The most obvious approach perhaps is to specify that we wish to learn a mapping, an unmixing, that results in a maximally-independent latent representation of our data. A multivariate random variable is statistically independent if its probability distribution is equal to the product of its marginals. As discussed in my post on VAE robustness, we can measure how close-to-mutually-independent a multivariate distribution is by seeing how well approximated it is by a product of its marginal distributions. One way to capture this is the total correlation (Watanabe, 1960), the \(\KL\) between these two entities: \(\mathrm{TC}(p(\v{a})) = \KL\left(p(\v a) \mid\mid \prod_{j=1}^{d} p(a_j) \right)\) where \(d\) is the dimensionality of the variable at hand. Thus the Total Correlation is one such measure of how close to being statistically independent a multivariate probability distribution is. If we try to train a mapping into the latent space from data space that minimises this quantity over our dataset, we will be doing ICA (Everson & Roberts, 2001).

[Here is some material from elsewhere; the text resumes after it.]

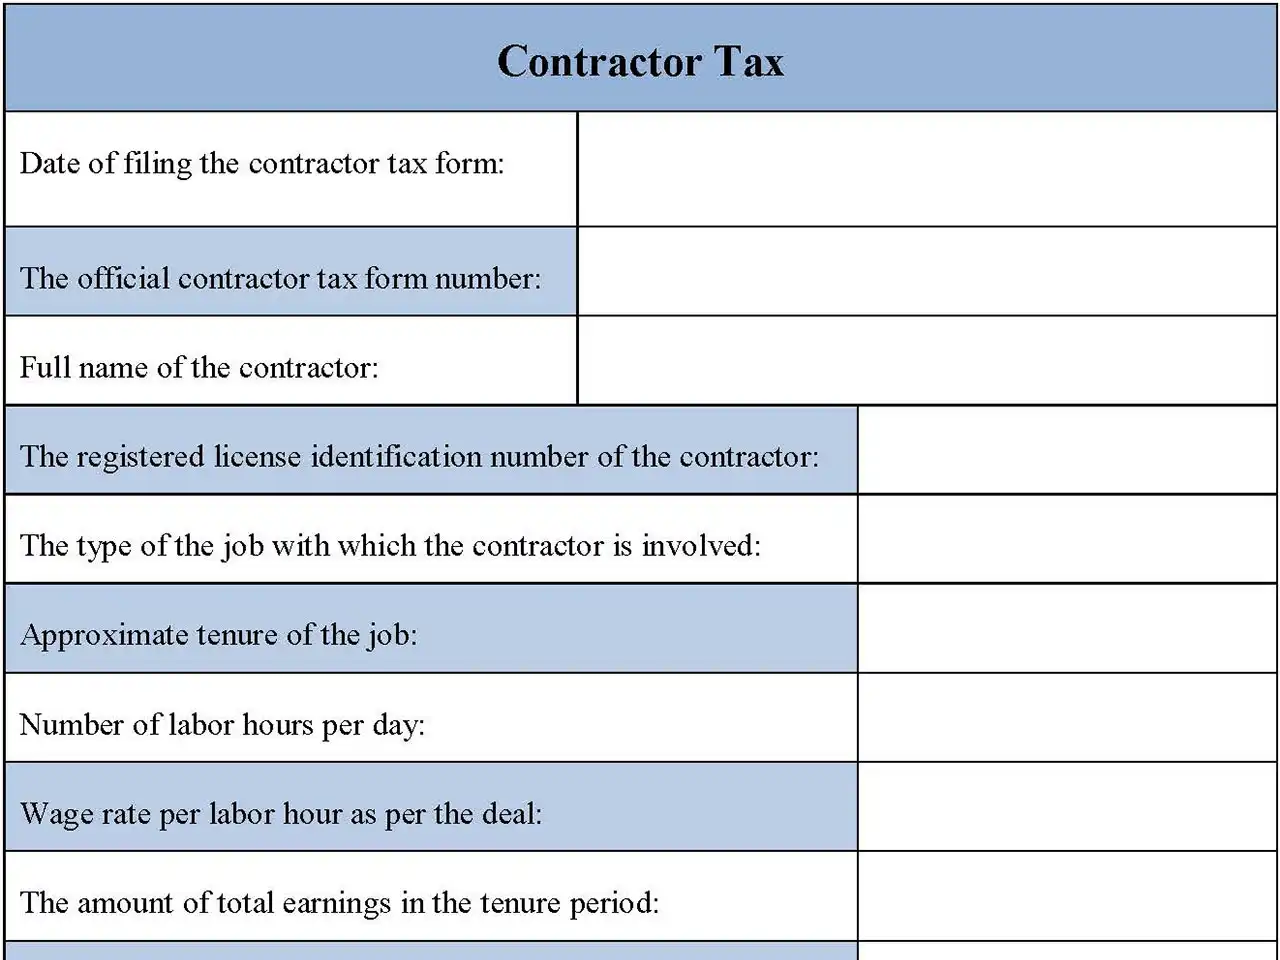 Contractor Tax Form

This approach can work very well. A powerful approach that is based on this is FastICA.

Blind Source Separation using FastICA
BSS
Here \(d_x=d_s=3\), so we have recordings by three ‘microphones’ (top panel) that are linearly-mixed versions of three ‘instruments’ (second panel) which are the latents we wish to infer. ICA unmixing (third panel) does achieve this, while PCA analysis (bottom panel) does not. Note that the ICA-output unmixing is only accurate up to scalings and flips of the true sources – all are of shrunken magnitude, and the saw-tooth component has been flipped.
Reproduced from scikit-learn

But, despite its success, that is not quite the way we will proceed. Back in the 1990s, the papers MacKay (1996) and Cardoso (1997) showed that fitting an ICA model that aims to maximise the total correlation is equivalent to fitting and performing inference in a ‘matched’ generative model. This method naturally allows us to extend our approach: we can choose (up to certain requirements) the prior for our latents, the generative process can involve noise (i.e. measurement error) and we can choose from a variety of methods of inference.

Probabilistic Linear Independent Components Analysis

Here we will take a probabilistic view of linear ICA, specifying a probabilistic model for our data \(\v x\) with parameters we will try to learn, and trying to perform inference on the unknown latent variables \(\v s\). Within that model we will try to find an appropriate unmixing matrix.

So, here we need to specify a probabilistic generative model that contains linear mixing of latents to produce data, \(\v{x} = \v{As}\), at its core, and one that imposes statistical independence between latents. First, we will need a prior over the latents, the sources: \(p(\v{s})\). We want each latent to be about a single aspect of the data. In other words, we are asking for our representations to be in some sense axis-aligned. Perhaps surprisingly, placing separate independent, zero-mean, unit-variance Gaussian priors over the latent dimensions is not acceptable for our purposes – but why this does not work can be seen immediately if we think geometrically.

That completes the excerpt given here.